§ WHAT TO DO
From the records below, copy each line in which the string "Sweater" occurs.

§ INFORMATION
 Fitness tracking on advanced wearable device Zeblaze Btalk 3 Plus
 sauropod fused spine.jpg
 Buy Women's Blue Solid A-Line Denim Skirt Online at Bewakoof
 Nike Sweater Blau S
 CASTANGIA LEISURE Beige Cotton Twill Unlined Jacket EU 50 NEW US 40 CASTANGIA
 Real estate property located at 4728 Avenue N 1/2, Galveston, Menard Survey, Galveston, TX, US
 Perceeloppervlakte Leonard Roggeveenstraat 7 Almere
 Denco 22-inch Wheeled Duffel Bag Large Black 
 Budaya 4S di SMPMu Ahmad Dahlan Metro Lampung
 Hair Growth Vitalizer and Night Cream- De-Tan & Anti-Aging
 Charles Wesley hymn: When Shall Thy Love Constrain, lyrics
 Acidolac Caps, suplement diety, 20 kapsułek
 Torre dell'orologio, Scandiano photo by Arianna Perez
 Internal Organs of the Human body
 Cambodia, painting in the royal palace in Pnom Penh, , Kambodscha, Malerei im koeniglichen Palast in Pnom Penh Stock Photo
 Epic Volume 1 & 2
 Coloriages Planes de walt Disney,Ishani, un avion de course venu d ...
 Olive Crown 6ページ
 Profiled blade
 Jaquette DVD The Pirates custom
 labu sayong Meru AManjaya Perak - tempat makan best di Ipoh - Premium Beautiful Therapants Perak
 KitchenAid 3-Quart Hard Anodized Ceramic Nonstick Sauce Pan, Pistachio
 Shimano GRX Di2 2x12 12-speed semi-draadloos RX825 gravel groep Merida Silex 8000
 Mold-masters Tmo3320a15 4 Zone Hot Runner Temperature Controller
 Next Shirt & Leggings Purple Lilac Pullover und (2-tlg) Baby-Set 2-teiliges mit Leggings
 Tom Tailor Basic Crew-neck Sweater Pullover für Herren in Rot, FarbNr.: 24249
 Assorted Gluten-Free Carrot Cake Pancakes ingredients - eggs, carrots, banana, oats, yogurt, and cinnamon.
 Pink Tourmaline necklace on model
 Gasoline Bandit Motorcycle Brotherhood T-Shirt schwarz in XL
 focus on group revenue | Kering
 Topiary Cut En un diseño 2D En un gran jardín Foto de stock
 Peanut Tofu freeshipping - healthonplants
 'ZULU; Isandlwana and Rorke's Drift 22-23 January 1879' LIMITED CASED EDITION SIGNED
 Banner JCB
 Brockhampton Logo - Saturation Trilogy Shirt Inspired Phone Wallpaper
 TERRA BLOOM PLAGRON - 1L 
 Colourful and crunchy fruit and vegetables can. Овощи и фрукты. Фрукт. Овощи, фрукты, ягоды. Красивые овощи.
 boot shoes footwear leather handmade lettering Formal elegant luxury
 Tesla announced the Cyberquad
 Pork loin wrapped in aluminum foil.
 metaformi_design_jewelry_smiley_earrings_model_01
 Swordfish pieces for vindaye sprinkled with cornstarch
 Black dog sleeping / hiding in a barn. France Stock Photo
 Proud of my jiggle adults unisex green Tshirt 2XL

§ REPLY
 Nike Sweater Blau S
 Tom Tailor Basic Crew-neck Sweater Pullover für Herren in Rot, FarbNr.: 24249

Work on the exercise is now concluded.